The International Accounting Standards Board (IASB) has confirmed it will not shortlist a project on pensions accounting for inclusion in its 2022 to 2026 workplan.

The decision draws a line under hopes in some quarters that the board would attempt to fix deficiencies in hybrid pension plan accounting under International Accounting Standard 19, Employee Benefits (IAS 19).

IASB member Rika Suzuki said support among stakeholders for the binary classification of pension plans under IAS 19 between defined benefit plans and defined contribution plans, left “not a lot of room to improve the accounting for hybrid pension schemes”.

The IFRS Foundation, the body which oversees the IASB, launched a public consultation on the shape of its future workplan in March 2021. Some 122 constituents responded to the consultation, suggesting about 70 potential projects for the board to work on.

From that feedback, staff drew up a shortlist of seven projects for the board to consider adding to its agenda. The board will review that shortlist during its April meeting round.
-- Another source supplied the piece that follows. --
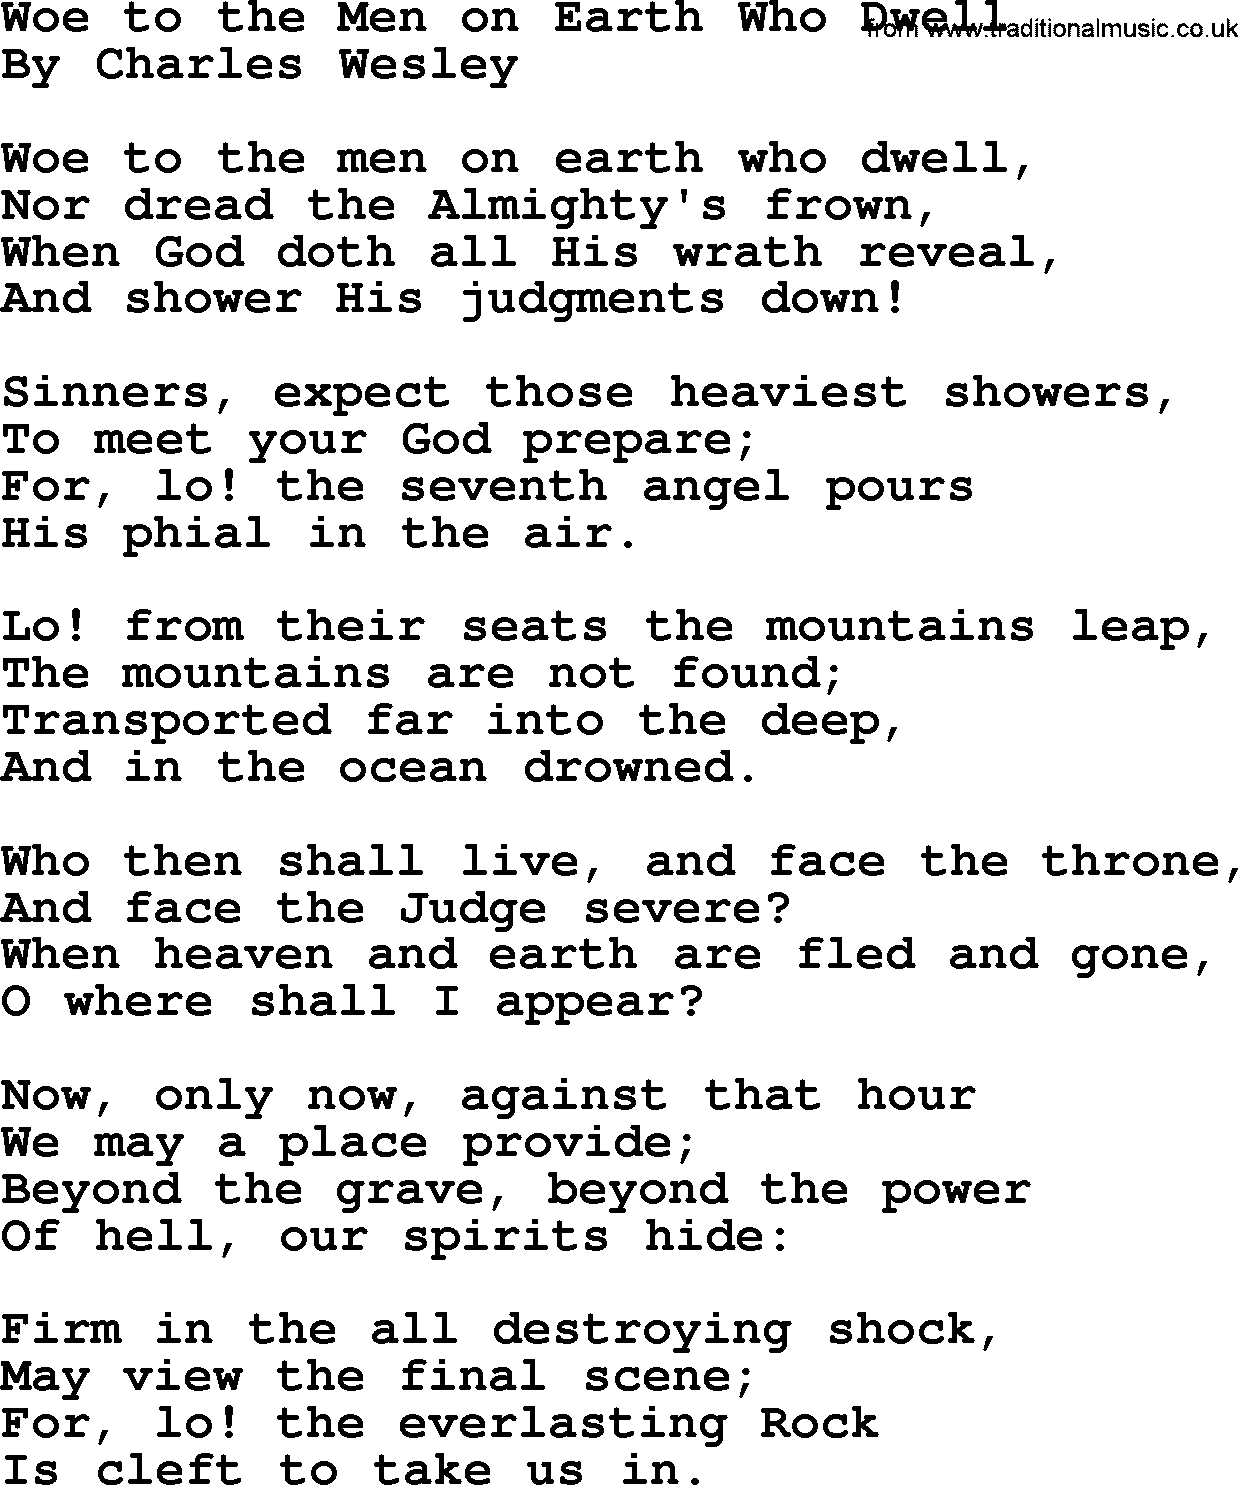 Charles Wesley hymn: Woe To The Men On Earth Who Dwell, lyrics

Meanwhile, In their assessment of the merits of tackling pensions accounting, staff wrote: “In general, this topic does not seem particularly important to users.

“Most users who commented on this potential project rated it as medium priority. One user rated it as high priority but did not provide a reason.”

Another user who rated it as a high-priority topic raised concerns over divergent accounting practices for the new generation of hybrid pension promises that IAS 19 currently struggles to deal with.

Staff also commented in their meeting paper that any project on pensions accounting might also “interact with a project on discount rates and a project on other comprehensive income”.

The board also agreed with the staff’s recommendation against considering either of these two projects for further discussion at next month’s board meeting.

IASB chair Andreas Barckow said: “The academic in me, like the technical nerd in Mary, would love to see advances in OCI [other comprehensive income]. I must say, because this is a problem that we have created for ourselves.

“So I think our line of argument is not robust enough in the conceptual framework for it to be a guiding frame for the board.”

He also noted the inconsistencies in the board’s approach to discounting across its literature, but noted that concerns over discounting had eased as the threat of negative interest rates had waned.